January 23–September 16, 2013
Museo Reina Sofía, Madrid

The Fundación Cisneros/Colección Patricia Phelps de Cisneros (FC/CPPC) announces its first major exhibition in Europe, La invención concreta: Colección Patricia Phelps de Cisneros at the Museo Reina Sofía in Madrid, from January 23rd through September 16th, 2013.

La invención concreta [Concrete Invention] traces the development of geometric abstraction in Latin America from the 1930s to the 1970s. Jointly curated by the respective directors of the Reina Sofia and the CPPC, Manuel Borja-Villel, and Gabriel Pérez-Barreiro, this exhibition covers a period of optimism for Latin America as its economies grew after World War II, bringing a sense of confidence and an independence from the European influence that had characterized Latin American culture before the war.  The show will be organized around the idea of the intentions of these artists who produced works that they believed could change the world, sometimes socially and sometimes more intimately.

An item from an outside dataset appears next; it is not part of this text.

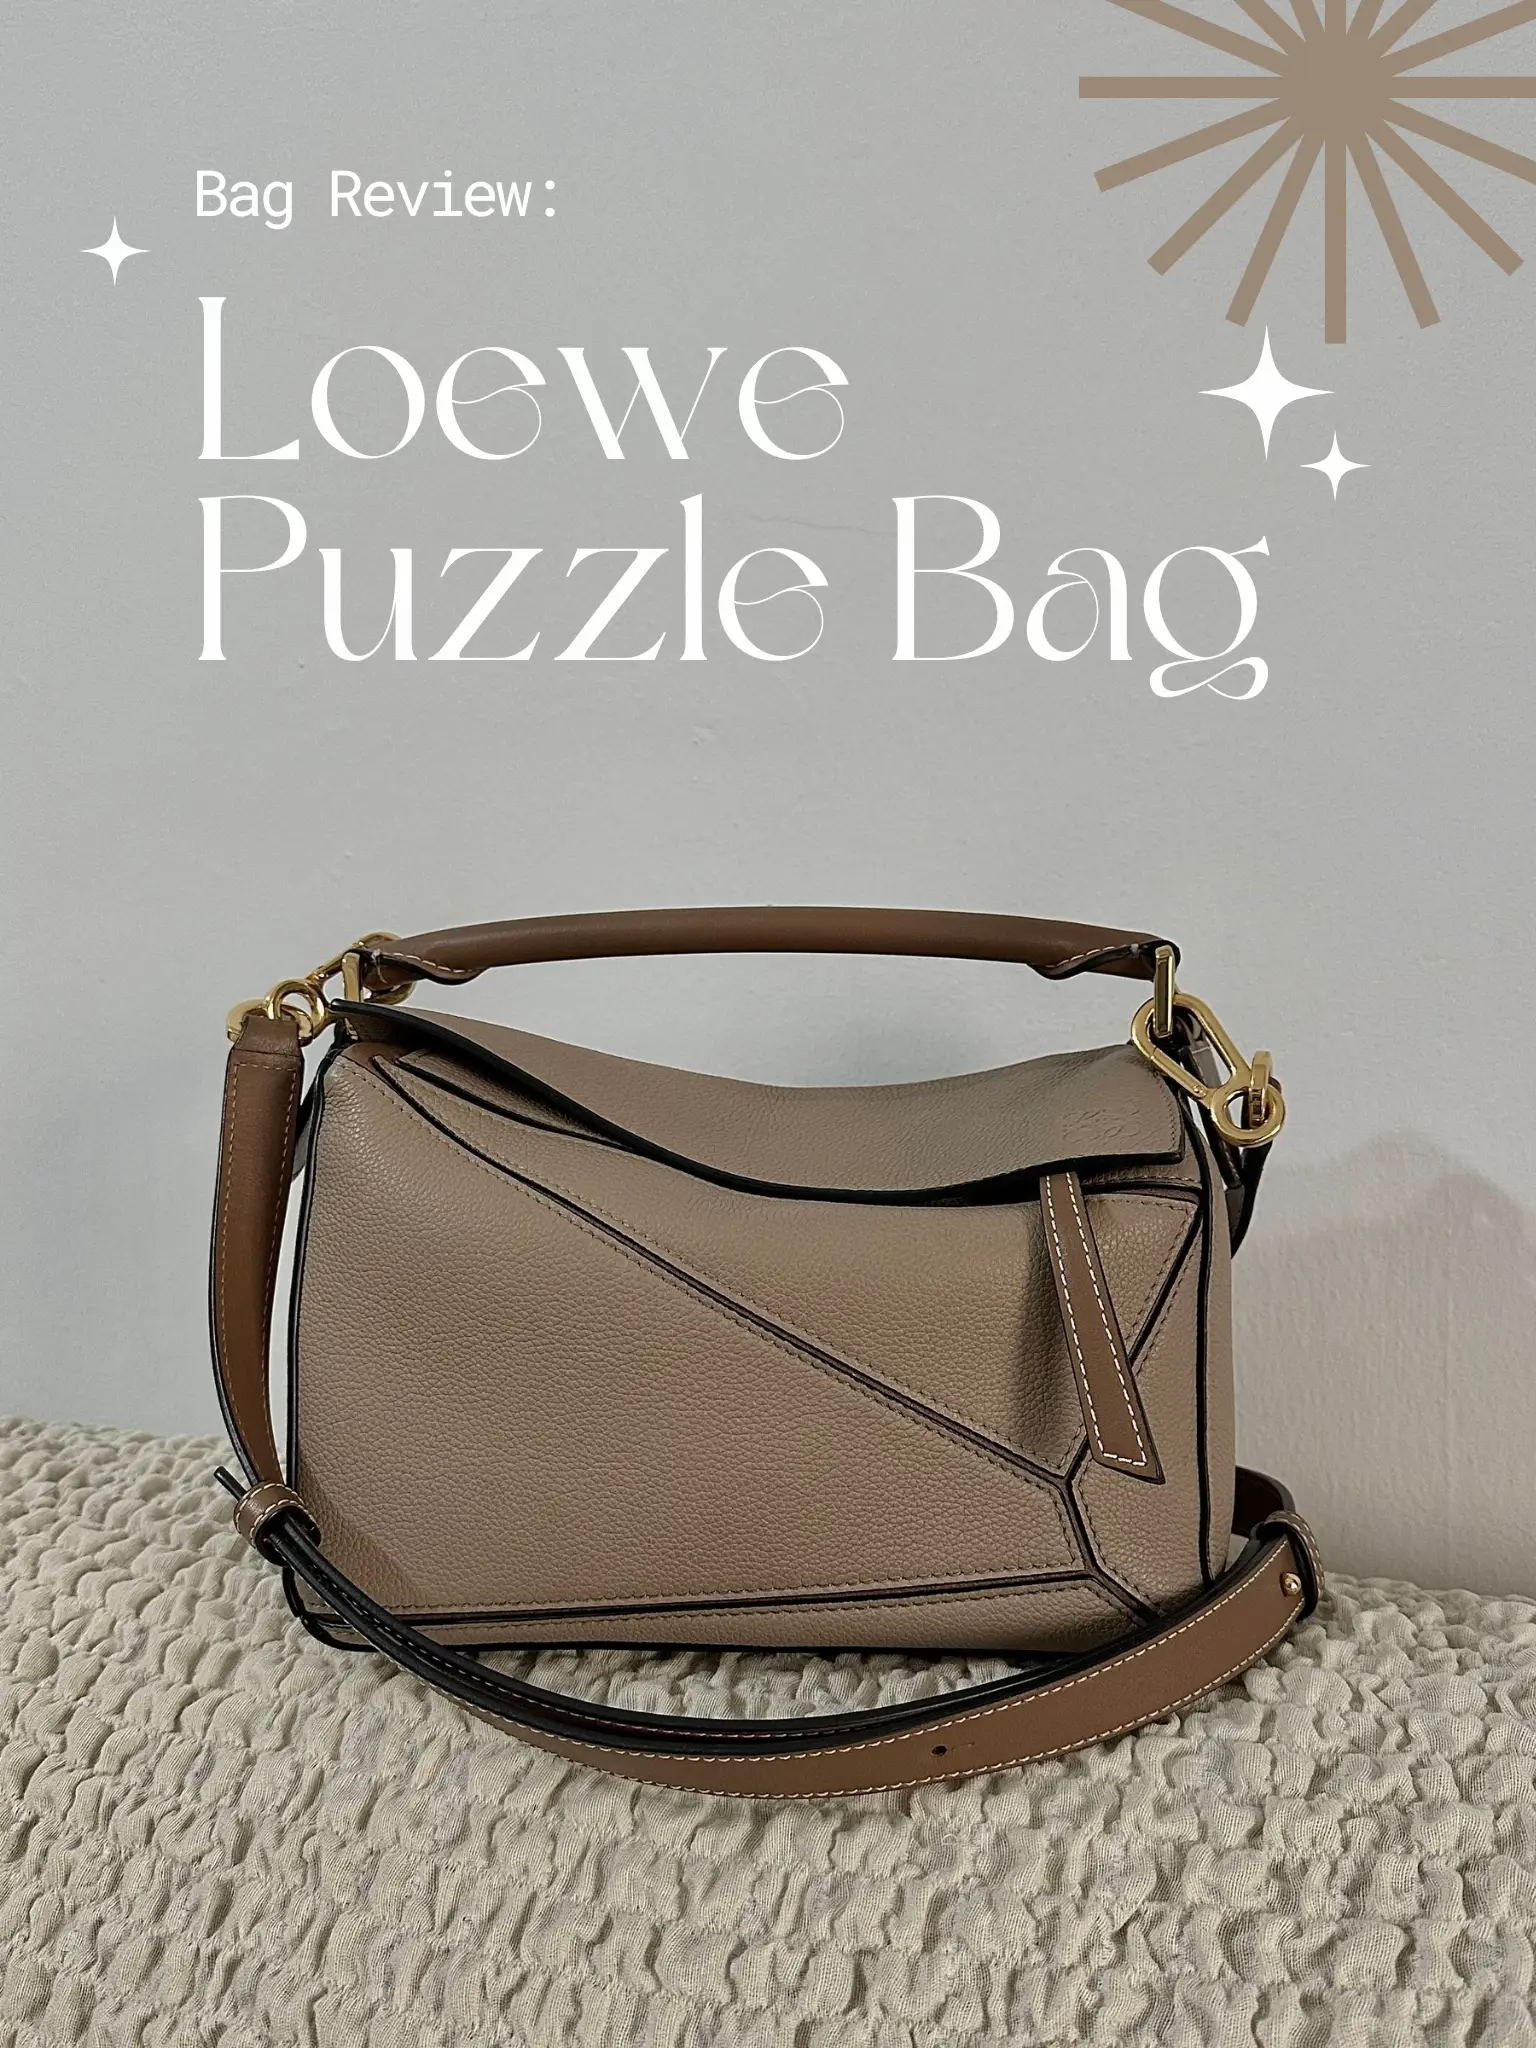 Loewe Puzzle Bag Medium & Small Comparison 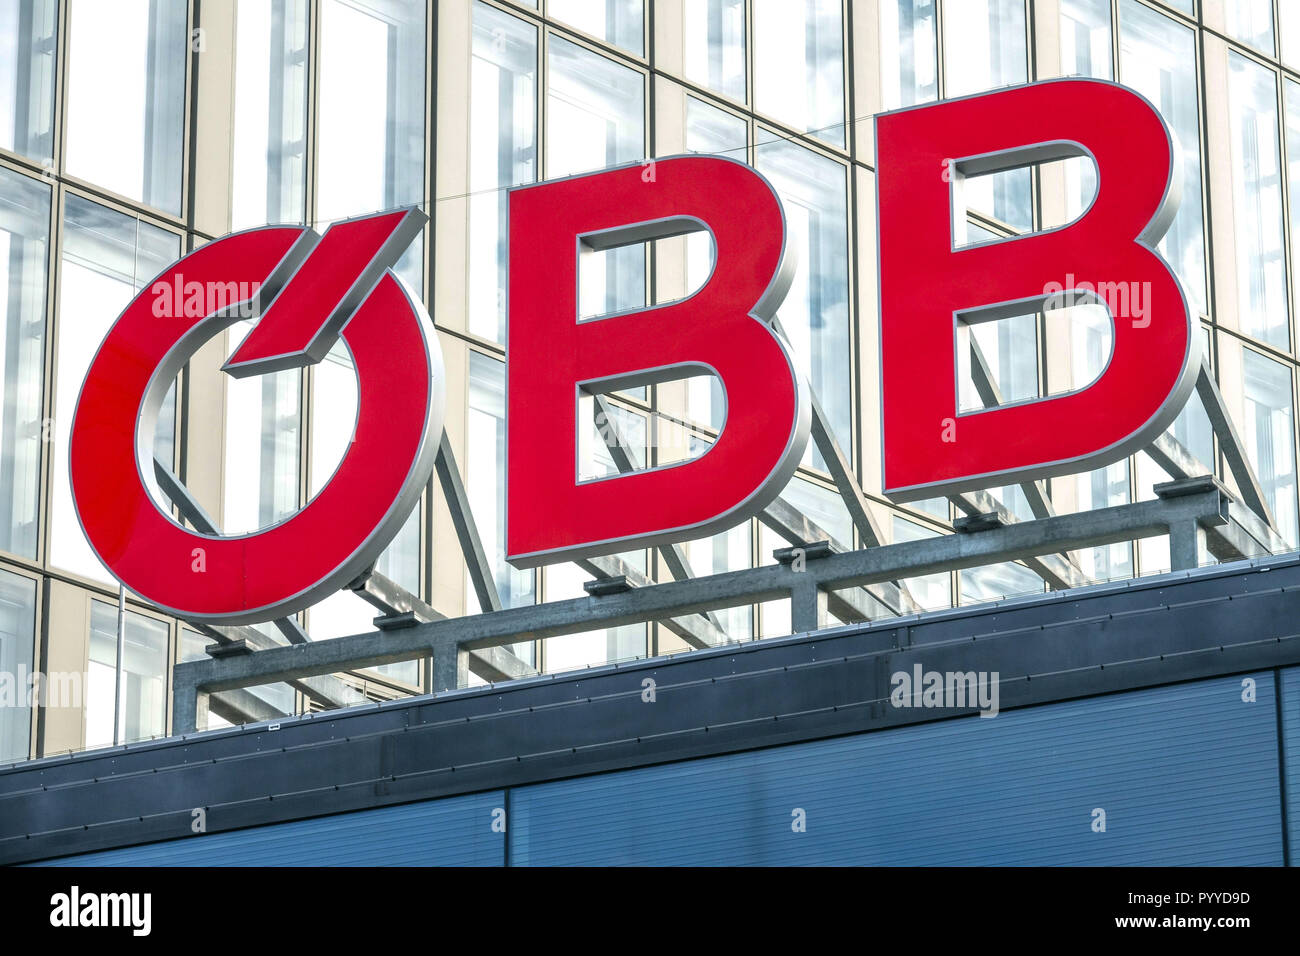 OBB logo, Vienna Austria Stock Photo

The works connect to a belief system and a broader cultural project, and ask fundamental questions about the nature of art and its place in the world. This exhibition is based on the premise that geometry is a language used by artists to express a broad range of often contradictory intentions, including works by Lygia Clark, Jesus Soto, Tomás Maldonado, Joaquín Torres-García, and Hélio Oiticica among many more.

The five groupings around which the exhibition is organized—illusion, geometry, vibration, dialogue and universalism—respond to philosophical premises about geometry and its significance, ranging from the material to the spiritual, the metaphorical to the objective.